Suppose that you want to approximate a function $f$. One way to do this is to produce a sampling distribution proportional to $f$ and then make a histogram of samples taken from the distribution. The resulting histogram will be proportional to $f$ (obviously), so it only needs to be scaled to approximate $f$.

The procedure can be summarized as follows:

  • Create a sampling distribution proportial to $f$
  • Make a histogram of samples taken from the sampling distribution
  • Scale the histogram to approximate $f$

The sacle factor $s$ needed to make the histogram approximate $f$ is the ratio of the average value $v$ of $f$ over the sampling domain to the average number $h$ of samples per bin in the histogram, i.e. $s=v/h$.

I'm not sure how seriously this has to be taken, but could anybody explain to me (in a more formal way) what the author is meaning to say?

Let's consider a example: Assume $f$ is the density of the standard normal distribution $\mathcal N_{0,\:1}$. We could divide an interval $[a,b]$ into $C$ "bins" of size $\delta$. Now we could draw $n$ samples from $\mathcal N_{0,\:1}$ and record for each bin $i$ the number $B(i)$ of samples falling into that bin (if $x\in[a,b)$ is a sample, it lies in the $\lfloor\frac{x-a}\delta\rfloor$-th bin).

Clearly, $$[a,b)\ni x\mapsto B\left(\lfloor\frac{x-a}\delta\rfloor\right)\tag1$$ is an approximation of the shape of $f$.

Now, let $v$ be the average value of $f$ on $[a,b]$, $h$ be the average number of samples per bin and $s:=v/h$. If I got it right, the desired approximation would be $$\tilde f(x):=sB\left(\lfloor\frac{x-a}\delta\rfloor\right)\;\;\;\text{for }x\in[a,b).$$ Here's a plot of the result for $a=-5$, $b=5$, $C=2000$, $\delta=(b-a)/C$ and $n=1000000$:

plot

Obviously, the scale is not correct.

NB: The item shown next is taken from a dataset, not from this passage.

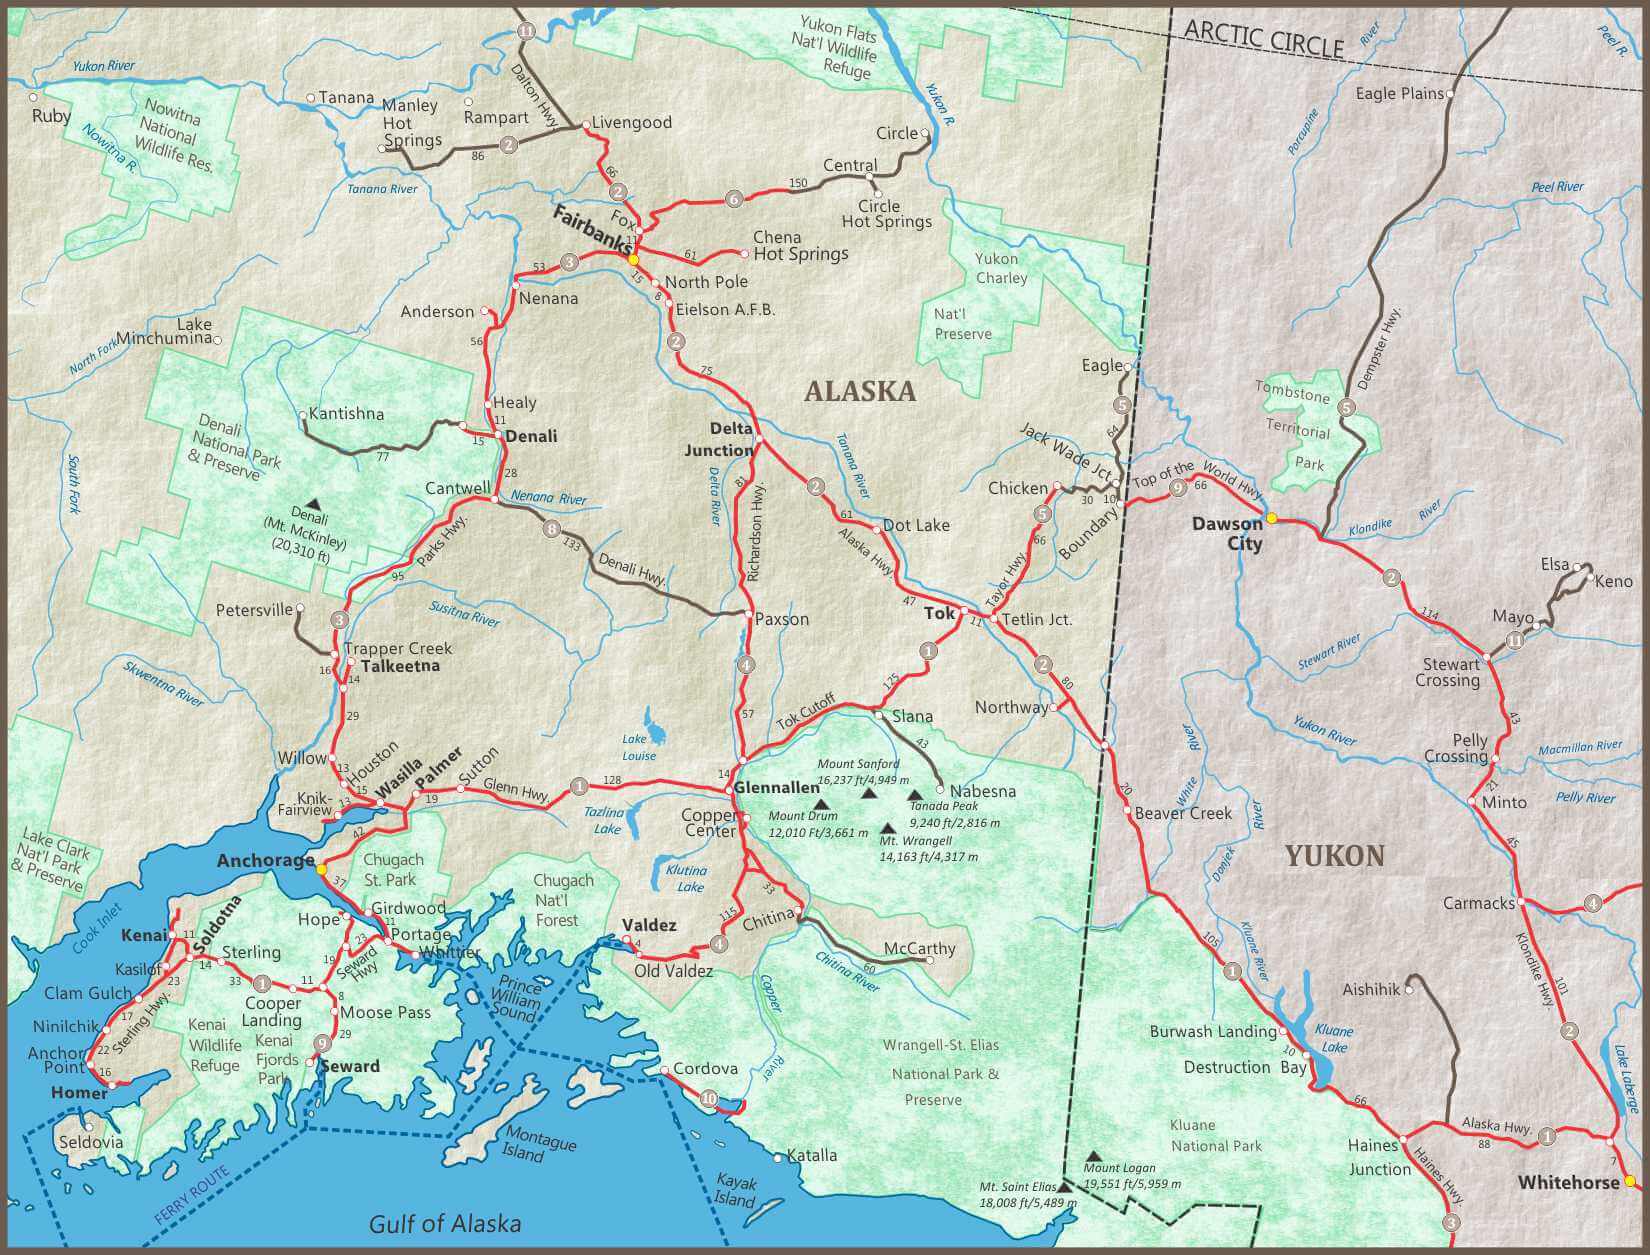 Alaska Maps: The Best City Town and Highway Maps of Alaska

Did I made any mistake or is there something wrong with the description in the paper?

1

There are 1 best solutions below

5
On BEST ANSWER

It looks like you're taking $v$ to be the sample average of $f(x)$ where $x$ is drawn from $N_{0,1}$ (perhaps conditioned to $x\in[a,b]$ - this wouldn't make much difference). Instead, $v$ should be the average of $f(x)$ for the uniform distribution on $[a,b]$ - this is what they mean by "selected at random from the sampling domain."

If you add up $f(x)$ at the points $a,a+\delta,\dots,a+(C-1)\delta,$ you should expect to get about $vC$ - the average of $f$ multiplied by the number of points. If you add up $\overline f(x)$ at these points, you get exactly $sn.$ So it makes sense to take $s=vC/n=v/h.$